Peter Benton slowly entered the room. "Yeah, actually.." His voice trailed off as he got closer. "It's... about Lucy."
"Dr. Knight?" Kerry corrected the title. "What about her?"
Peter hadn't wanted to say. If he did... he knew it would put Lucy at risk. Maybe he hadn't seen anything. Nothing at all. Everyone had issues, right? Everyone had a different way of dealing with their problems. Lucy was no exception.
"Peter?" Kerry asked. "If you think something is wrong-"
"I went to Carter's grave last night," Peter interrupted, looking all the time at the surface of Kerry's desk. He felt wrong telling Weaver, but he was worried. And he wasn't willing to take those risks anymore. "And Lucy was sitting there. And she was talking to Carter."
Kerry Weaver looked at Peter for a moment, folding her arms. "Well... we're all dealing in different ways, I know it's been awhile since he died, but it was hard for her, especially-"
"No, that's not what I mean," Peter said, shifting his weight and dangling his arms nervously. Peter Benton was never nervous, and he never ratted out a coworker... "She was... leaning against his stone. Talking to the air around her... like it was him... she carried a conversation..." Peter swallowed. "Lucy believed he was there." The images were returning; the sweet, innocent blonde-haired girl who had just succeeded at something in this world, and she was basing all of her confidences on delusions...
Kerry blinked back in disbelief. It didn't make sense; then again it did. Lucy had just flown back to reality, back to her old life, the way it was before the accident, in a matter of hours. "Are you saying she's creating illusions of John, Peter?"

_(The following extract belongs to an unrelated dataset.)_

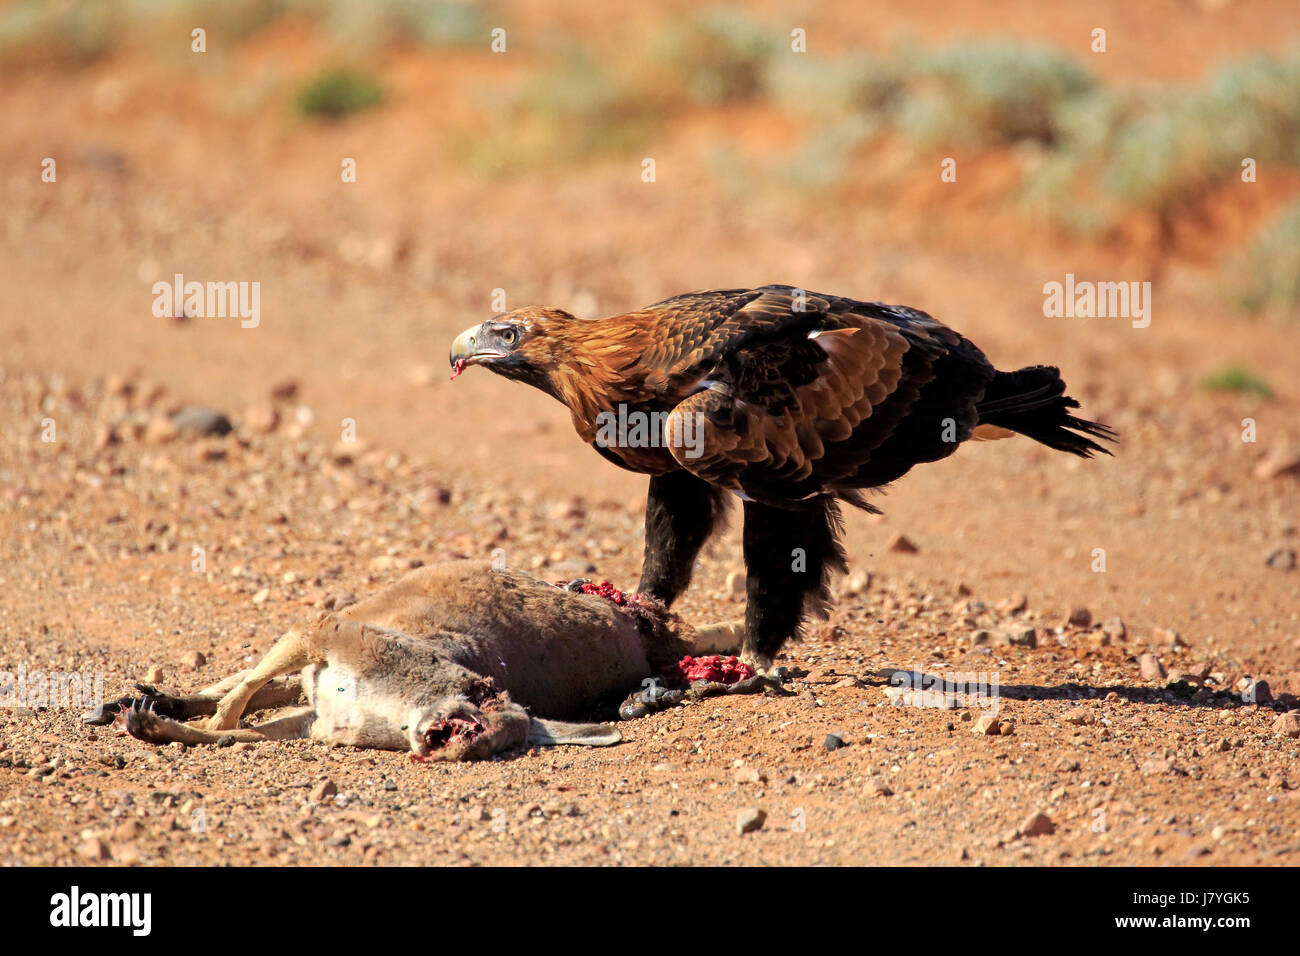 Wedge-tailed eagle (Aquila audax), adult at prey, Sturt National Park, New South Wales, Australia Stock Photo

Peter Benton shrugged almost instantly. "I don't know. I was just worried." He turned his head, looking at the floor. "I have to go.. I'll..." He looked back at Kerry as he reached the door. "Maybe I was just imagining it, I..." his voice trailed off as he parted from her office, leaving Kerry Weaver alone.
And alone Kerry wondered if Peter's imagination wasn't something real....
"Lucy?" Lucy Knight looked up from her chart reviews.
"Hey, Dr. Weaver. Can I help you with something?" Lucy set down her pen, leaning back to face the red-haired doc.
"Actually, there's something I want to talk to you about. Could we speak in my office?" Weaver spoke lightly motioning to the room across the hall.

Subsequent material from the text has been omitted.